The first is the reopening the economy at the appropriate time and allowing an expanded age group to go out with safeguards, including the resumption of face-to-face learning in low-risk areas.

The second is the accelerated implementation of the recovery package, consisting of more than P2 trillion or 15 percent of GDP, in terms of fiscal, monetary, and financial resources.

The third is the timely implementation of the vaccination program.

According to Diokno, the government has to be “more strategic in addressing possible resurgence in cases and in expediting vaccination.”

“We have to be ready for the possible spillover risks resulting from differentiated and divergent recoveries. We need robust institutions and sustained policy discipline to see us through this COVID fog,” Diokno said.

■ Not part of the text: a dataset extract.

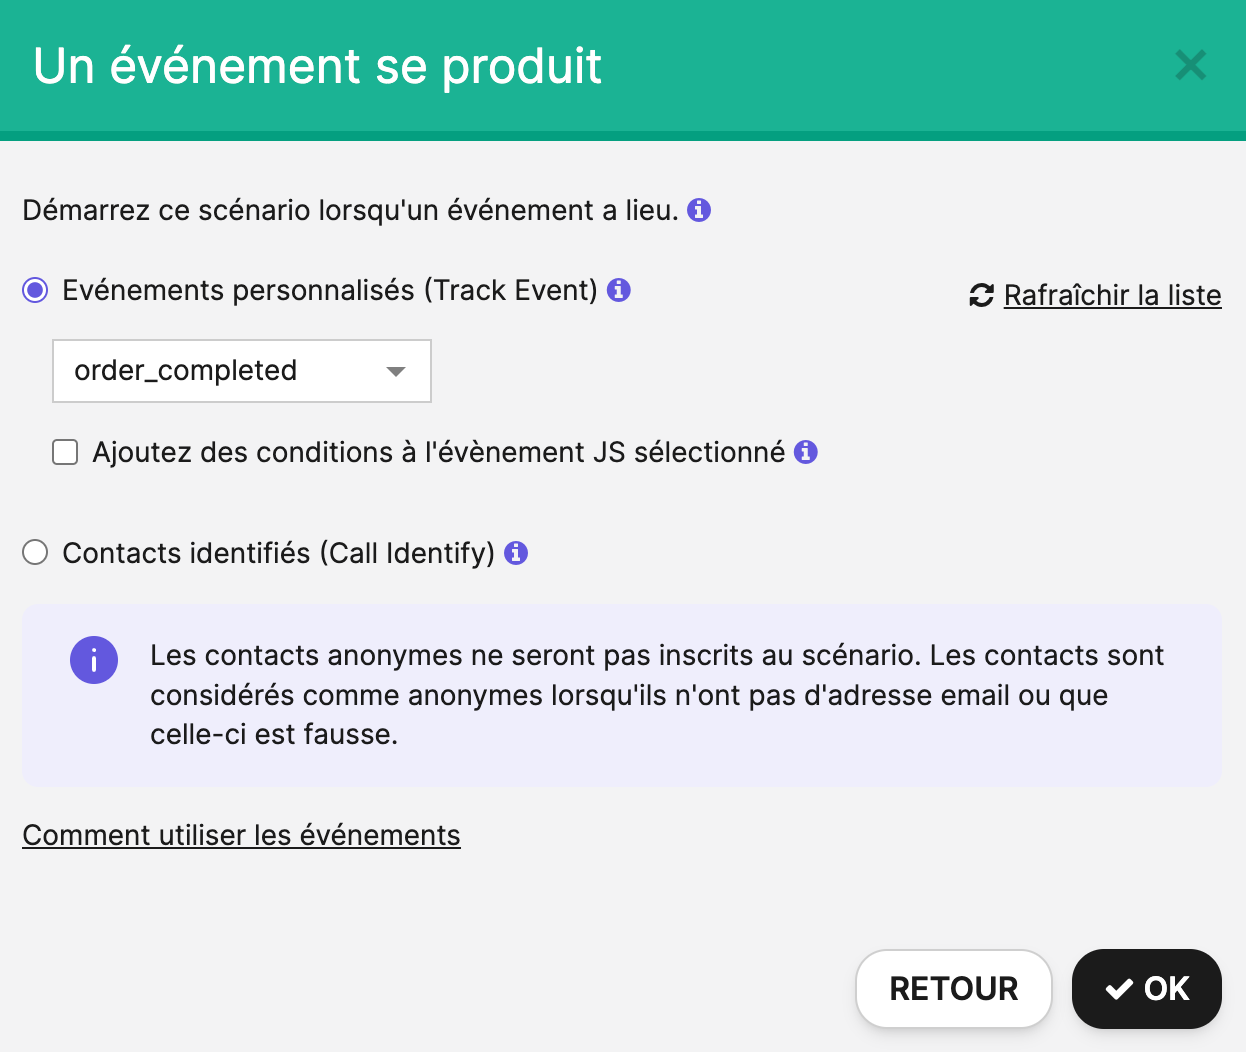 automations_event-order-completed_FR.png

On monetary policy, Diokno said the BSP will “remain vigilant over the current inflation dynamics to ensure that the monetary policy stance continues to support economic recovery to the extent that the inflation outlook would allow.”

With inflation now seen to hit the target range of the government for this year and next, the policymaking Monetary Board last month decided to keep the key rates of the Bangko Sentral ng Pilipinas steady. The BSP’s overnight reverse repurchase facility stays at 2.0 percent. The interest rates on the overnight deposit and lending facilities were likewise kept at 1.5 percent and 2.5 percent, respectively.

Diokno stressed the expected path of inflation and downside risks to domestic economic growth warrant keeping monetary policy settings steady.